Here is the task for the listing below: output exactly the lines from the one containing "www jazzercise com login" through the one containing "Malteser Slice Traybake - Easy No-Bake Treat", and leave out the pictures.

◆ SUPPLIED MATERIAL ◆
<<<<
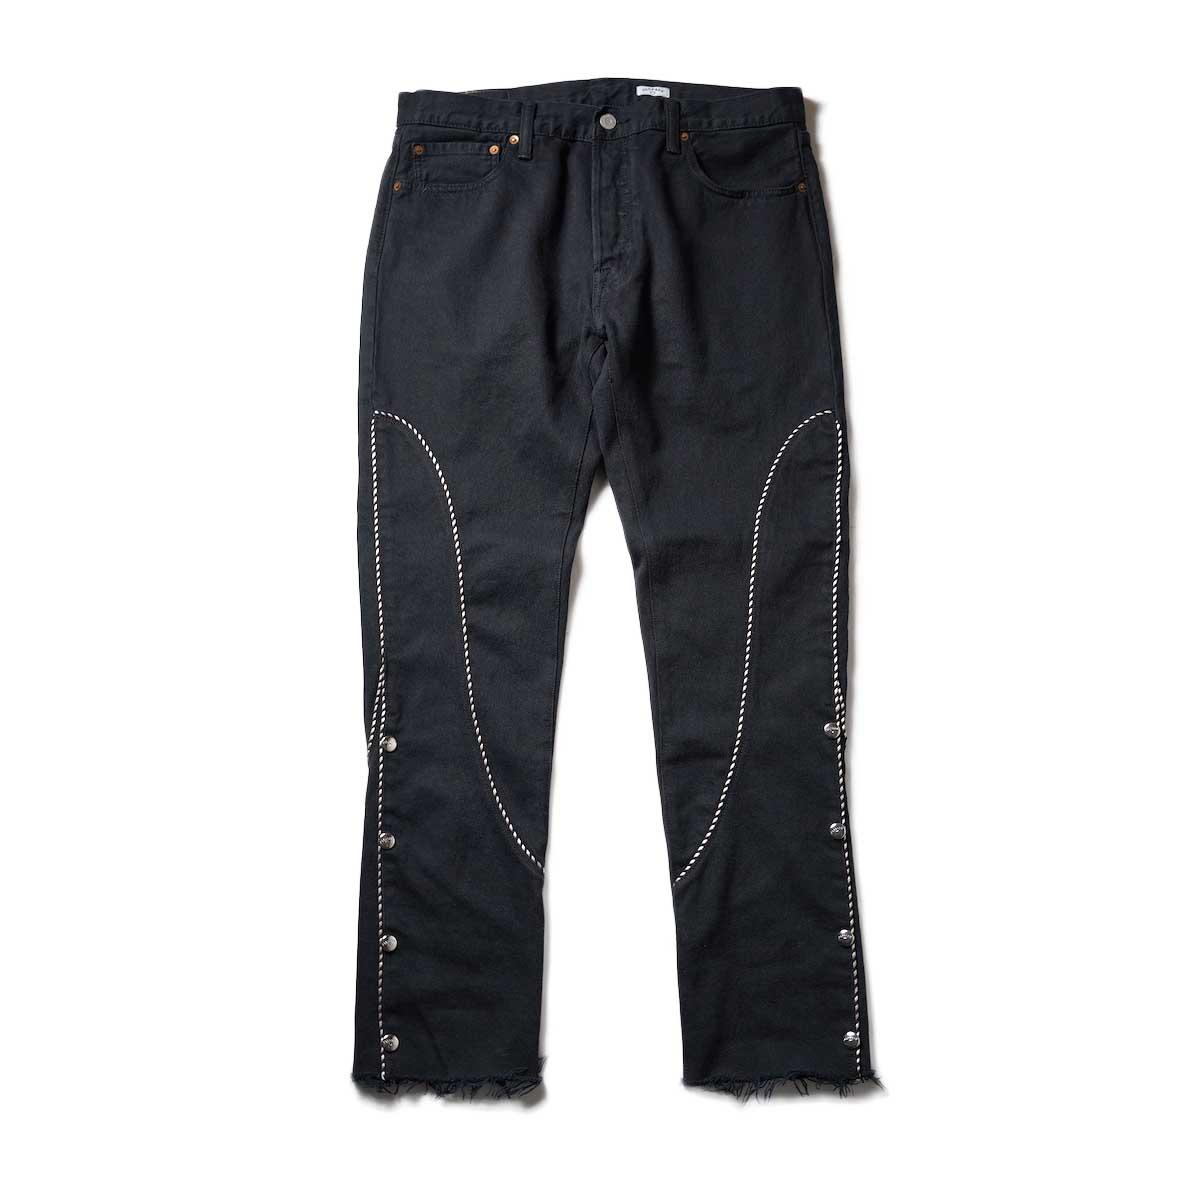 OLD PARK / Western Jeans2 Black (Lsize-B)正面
>>>>
<<<<
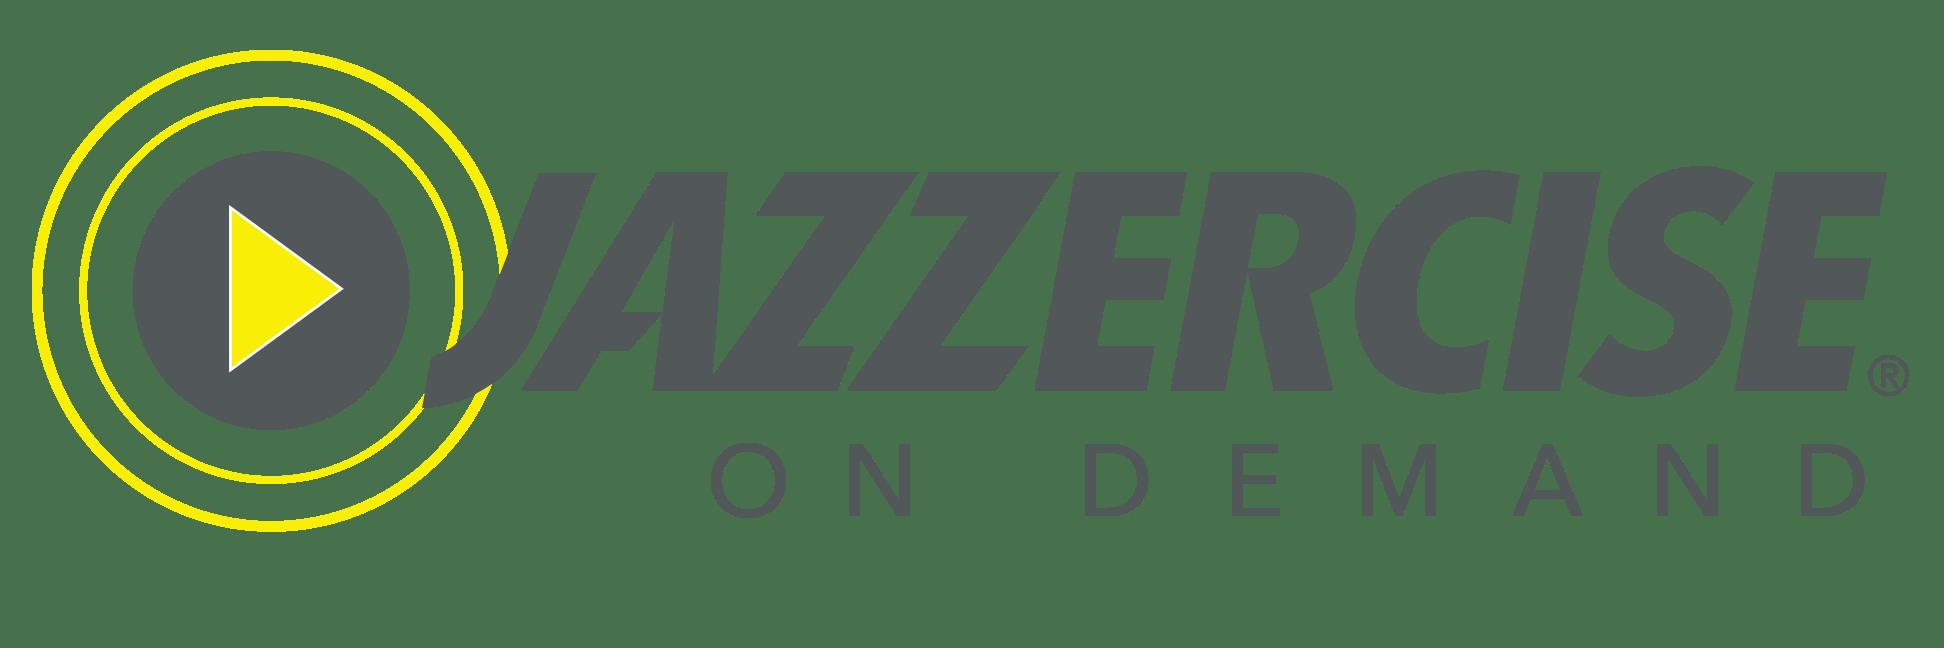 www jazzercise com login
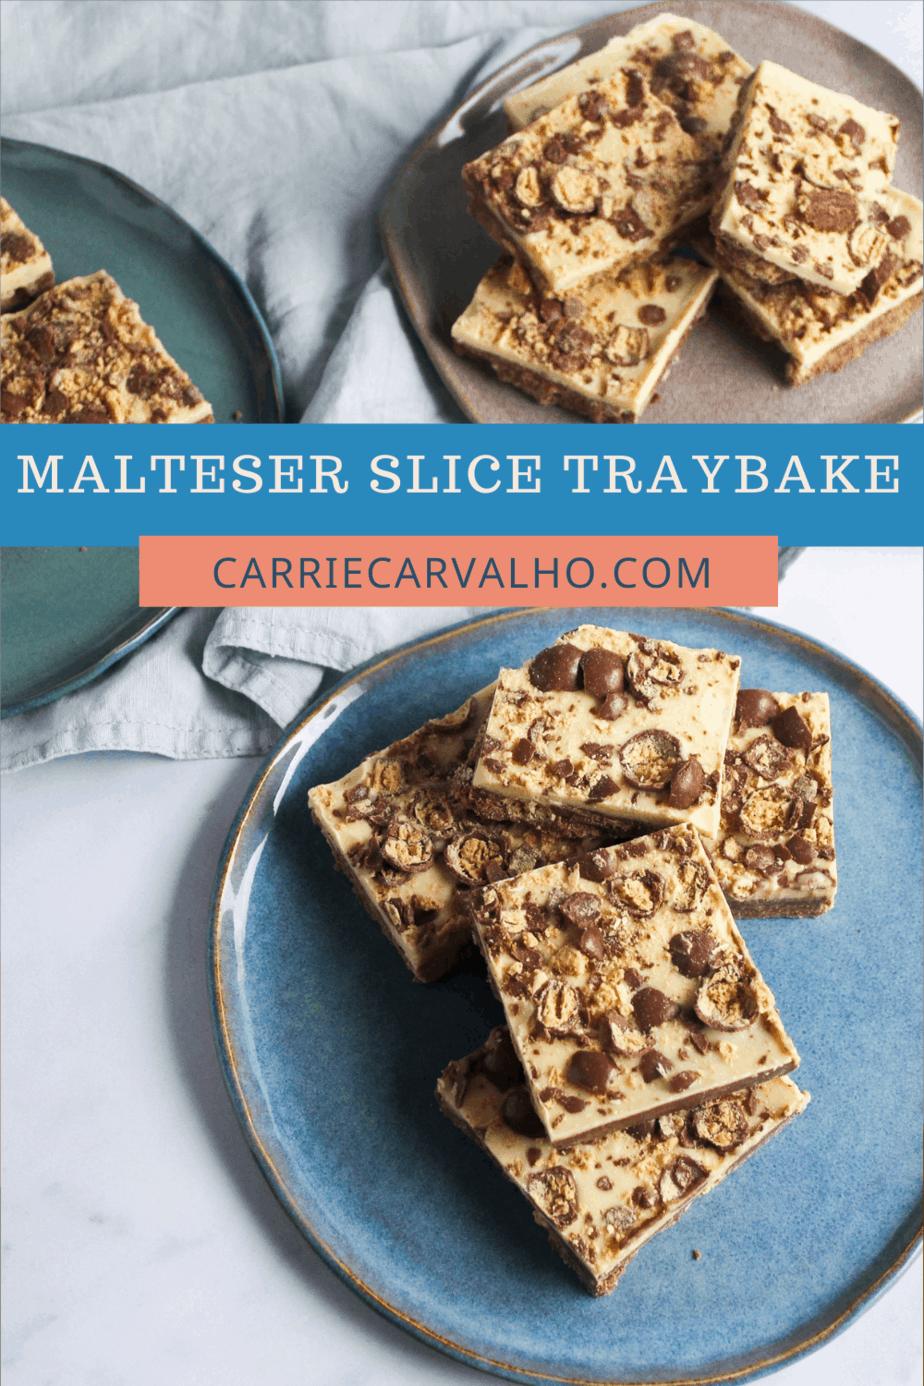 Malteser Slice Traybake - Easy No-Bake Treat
>>>>
◆ EXERCISE SOLUTION ◆
 www jazzercise com login
 Malteser Slice Traybake - Easy No-Bake Treat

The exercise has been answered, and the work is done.